━━━━━ GIVEN INFORMATION ━━━━━
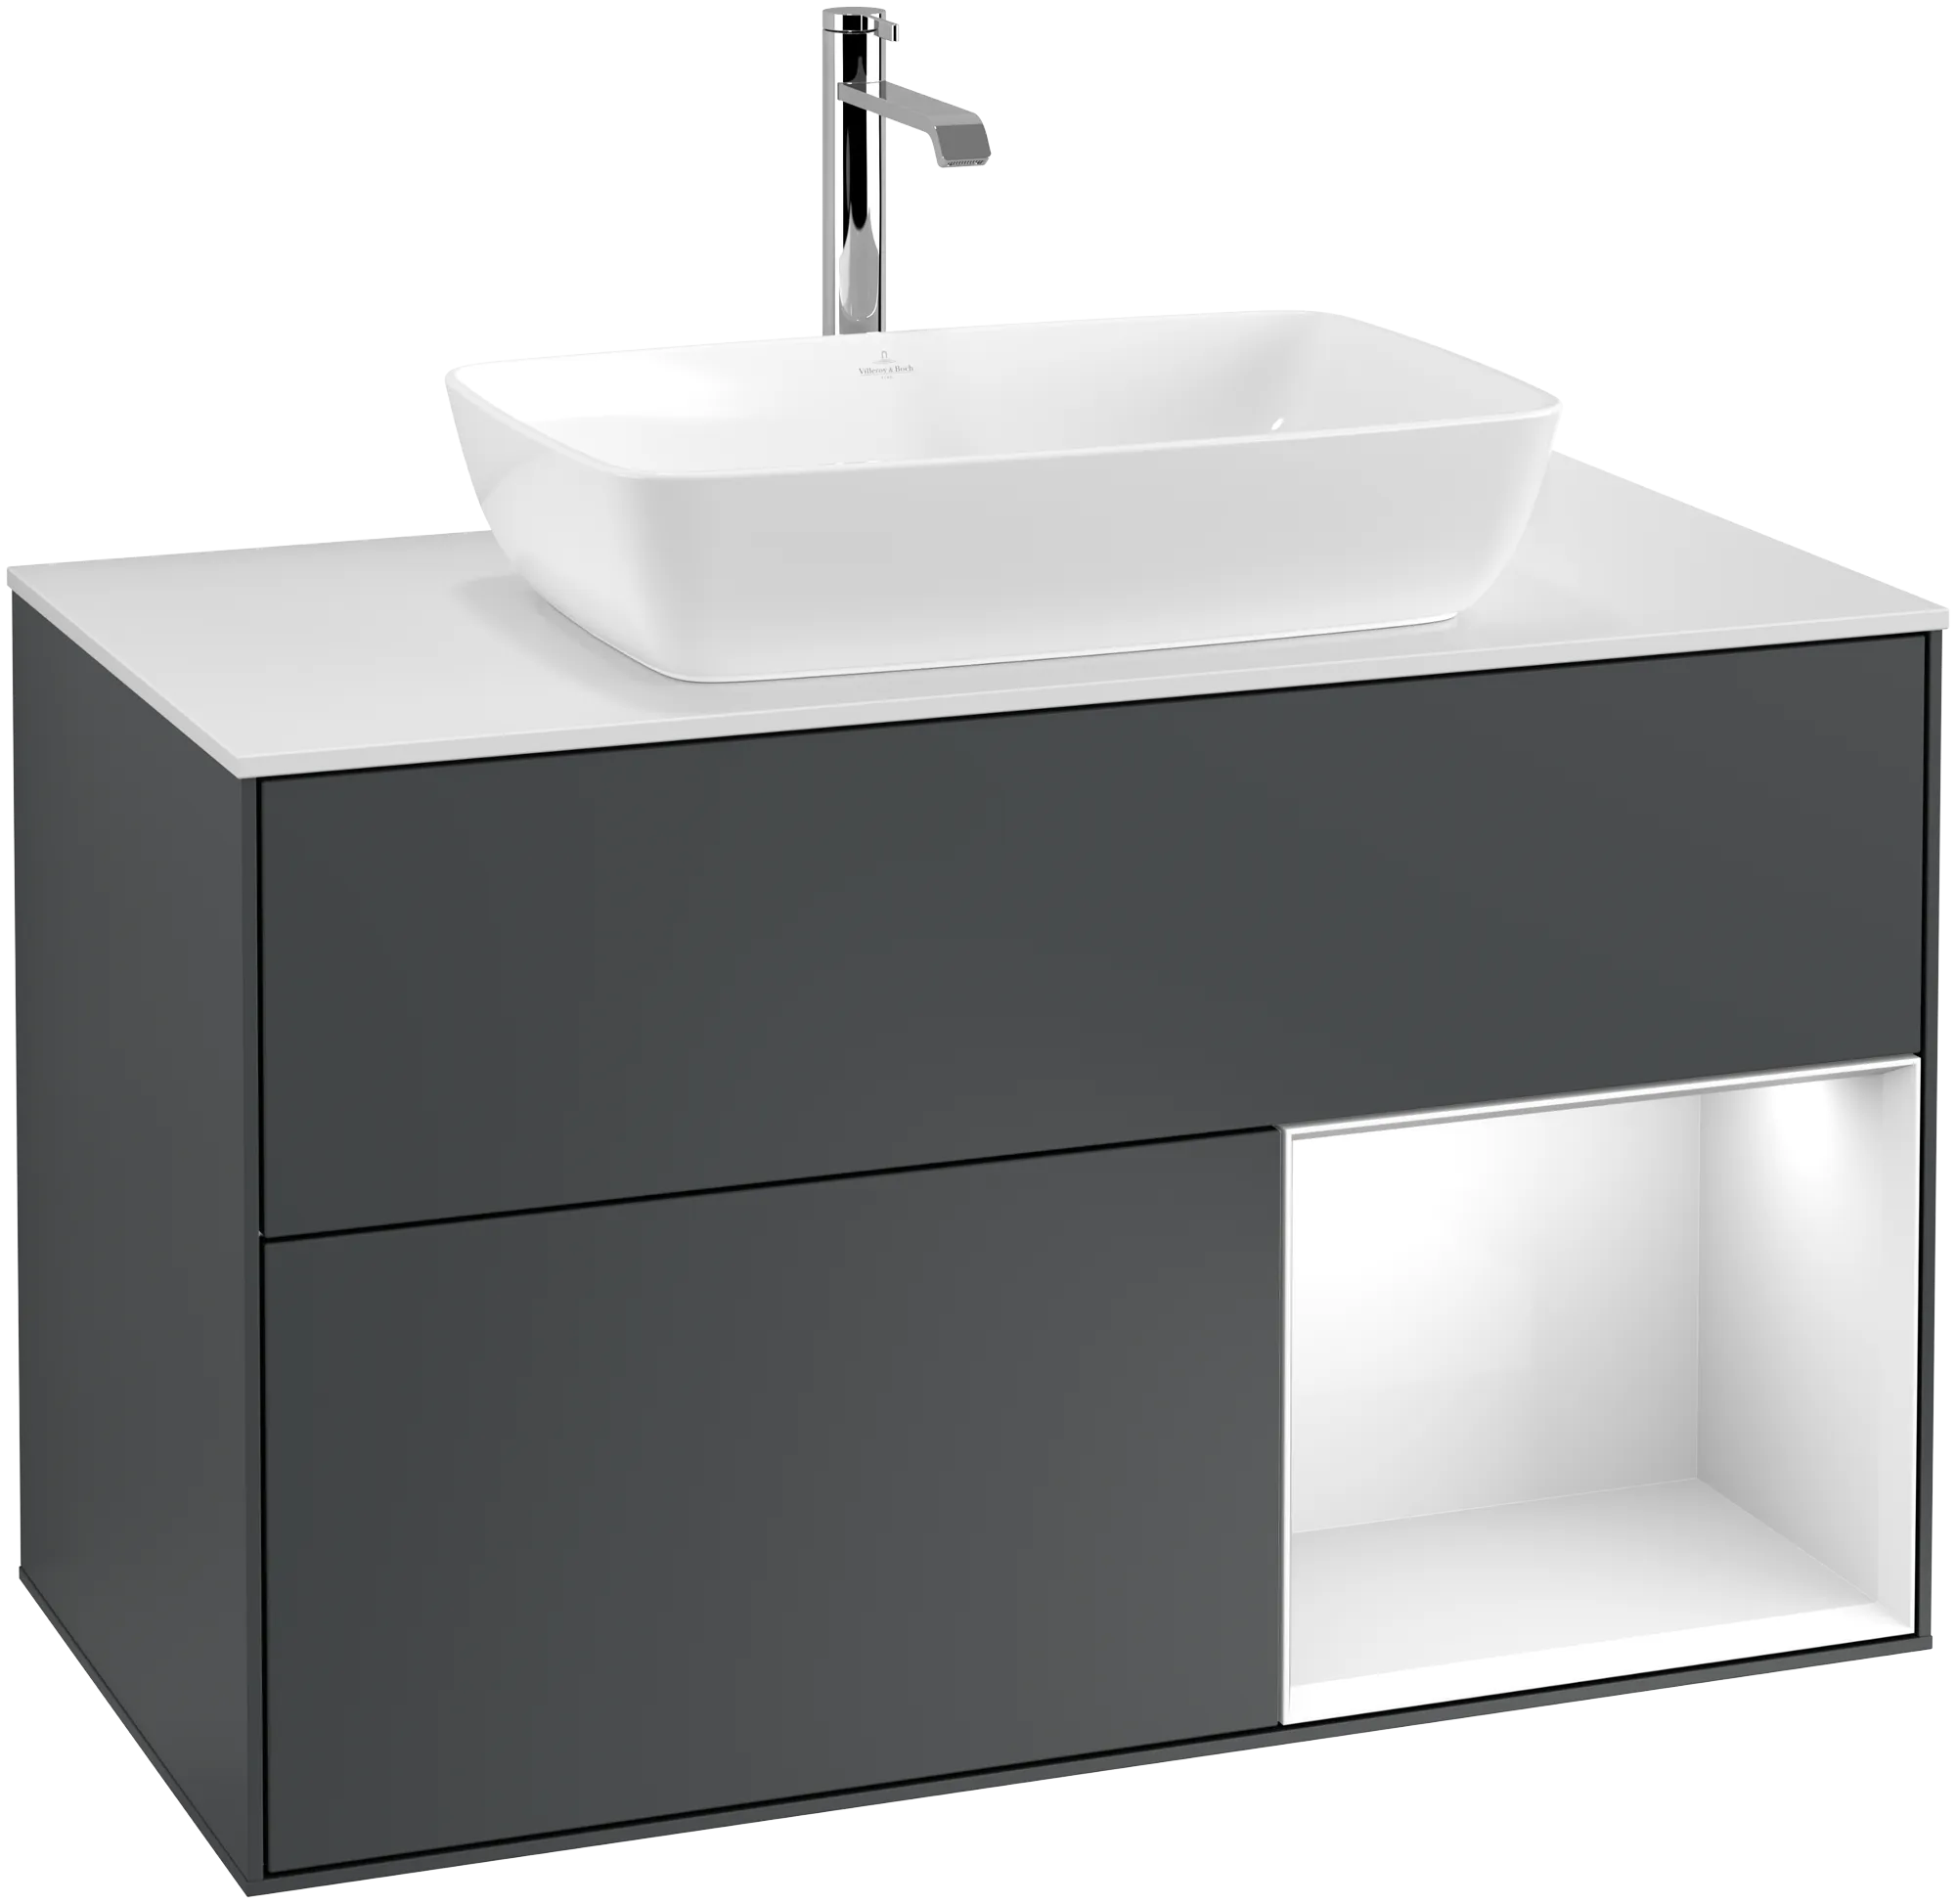 Picture of VILLEROY BOCH Finion Vanity unit, with lighting, 2 pull-out compartments, 1000 x 603 x 501 mm, Midnight Blue Matt Lacquer / Glossy White Lacquer / Glass White Matt #G781GFHG
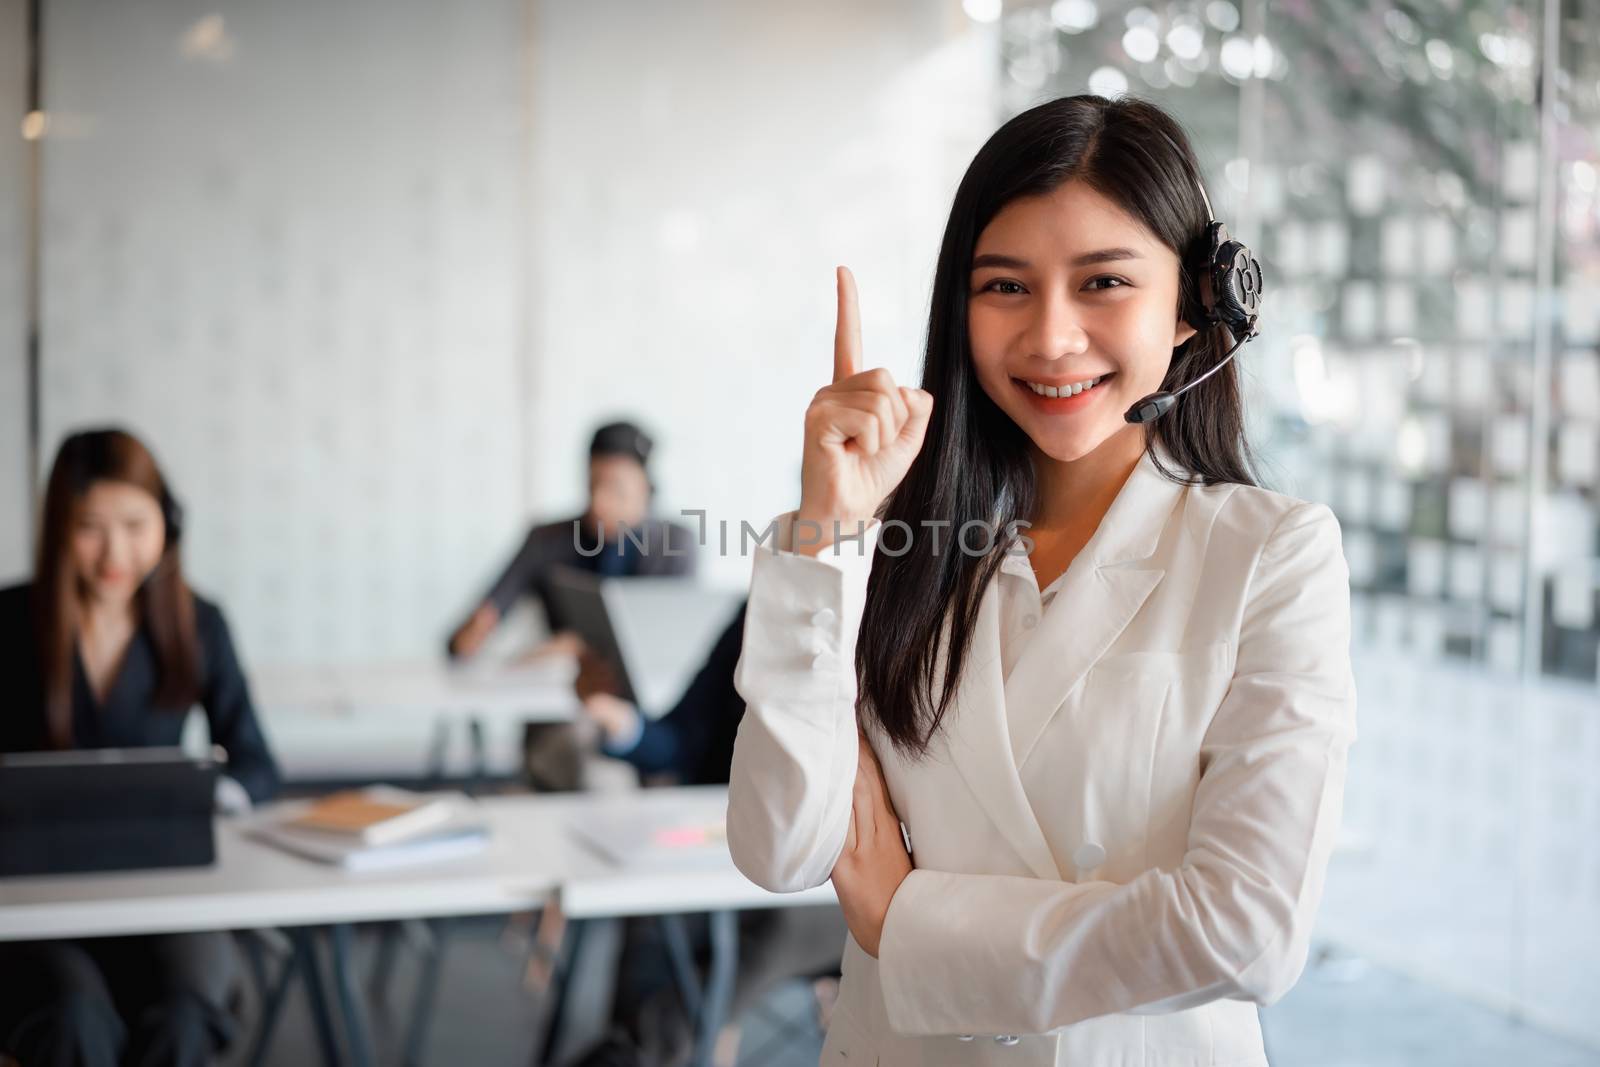 Confident female customer services agent with headset working in a call center office. Customer service team support concept by kenchiro75
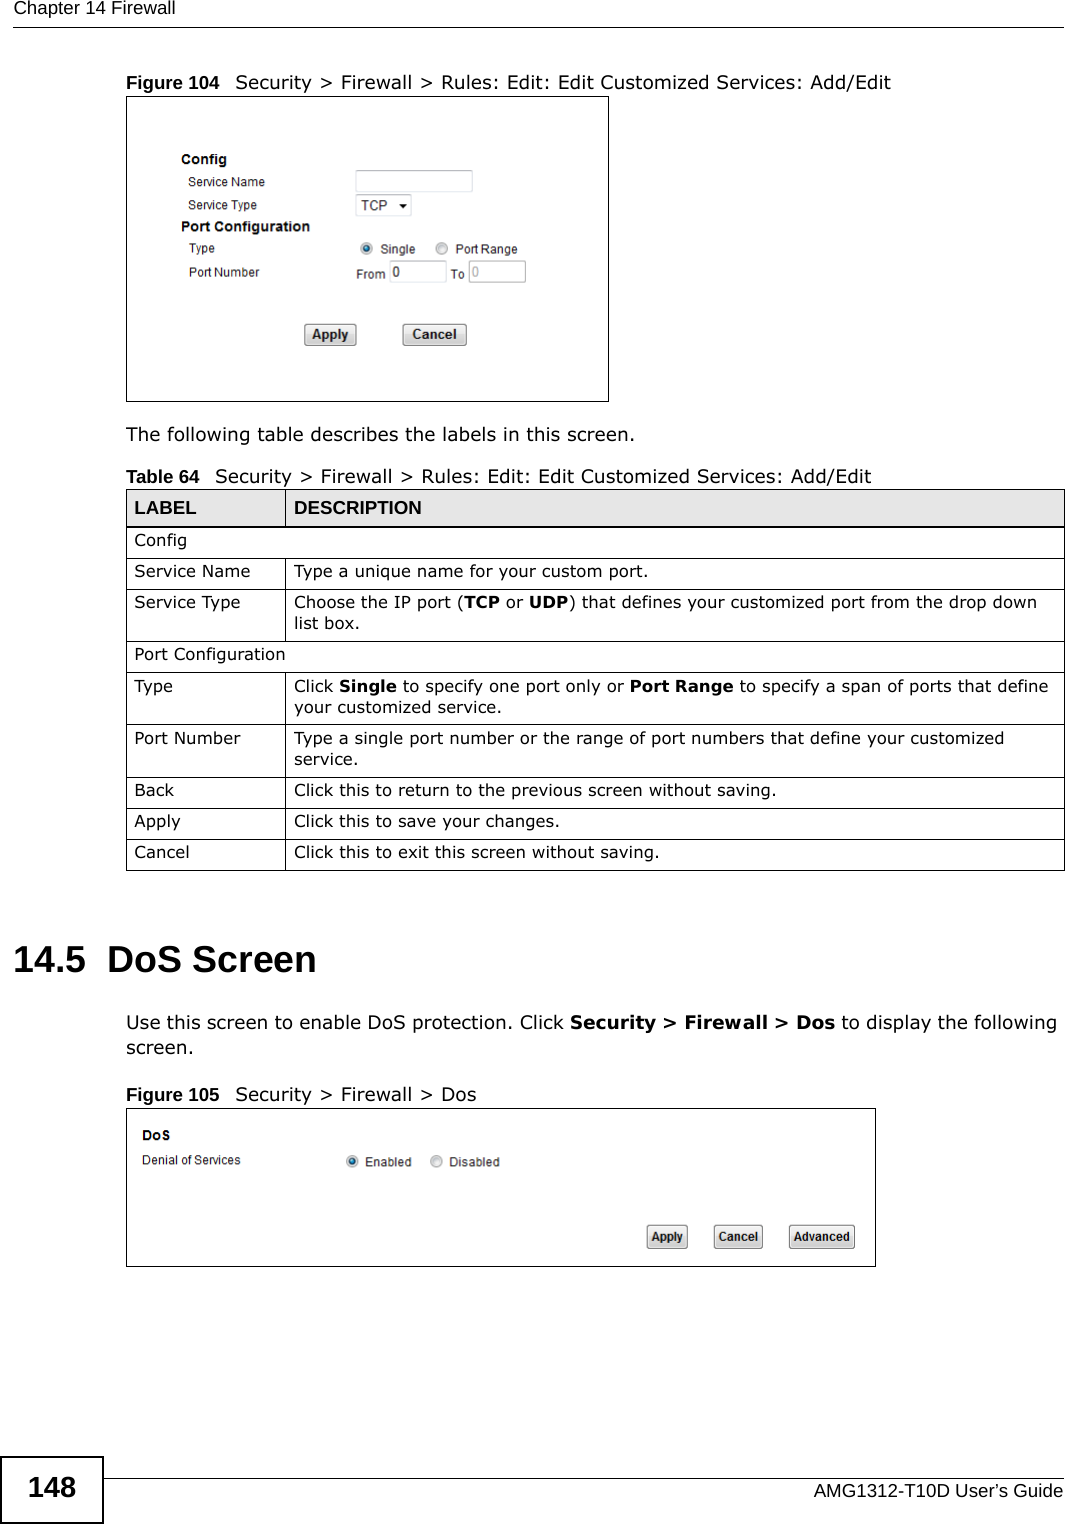 Chapter 14 FirewallAMG1312-T10D User’s Guide148Figure 104   Security &gt; Firewall &gt; Rules: Edit: Edit Customized Services: Add/EditThe following table describes the labels in this screen.14.5  DoS ScreenUse this screen to enable DoS protection. Click Security &gt; Firewall &gt; Dos to display the following screen.Figure 105   Security &gt; Firewall &gt; DosTable 64   Security &gt; Firewall &gt; Rules: Edit: Edit Customized Services: Add/EditLABEL DESCRIPTIONConfigService Name Type a unique name for your custom port.Service Type Choose the IP port (TCP or UDP) that defines your customized port from the drop down list box.Port ConfigurationType Click Single to specify one port only or Port Range to specify a span of ports that define your customized service. Port Number Type a single port number or the range of port numbers that define your customized service.Back Click this to return to the previous screen without saving.Apply Click this to save your changes.Cancel Click this to exit this screen without saving.
━━━━━
From the first line above to the line containing "Confident female customer", repeat each line exactly. Pictures stay out.

 Picture of VILLEROY BOCH Finion Vanity unit, with lighting, 2 pull-out compartments, 1000 x 603 x 501 mm, Midnight Blue Matt Lacquer / Glossy White Lacquer / Glass White Matt #G781GFHG
 Confident female customer services agent with headset working in a call center office. Customer service team support concept by kenchiro75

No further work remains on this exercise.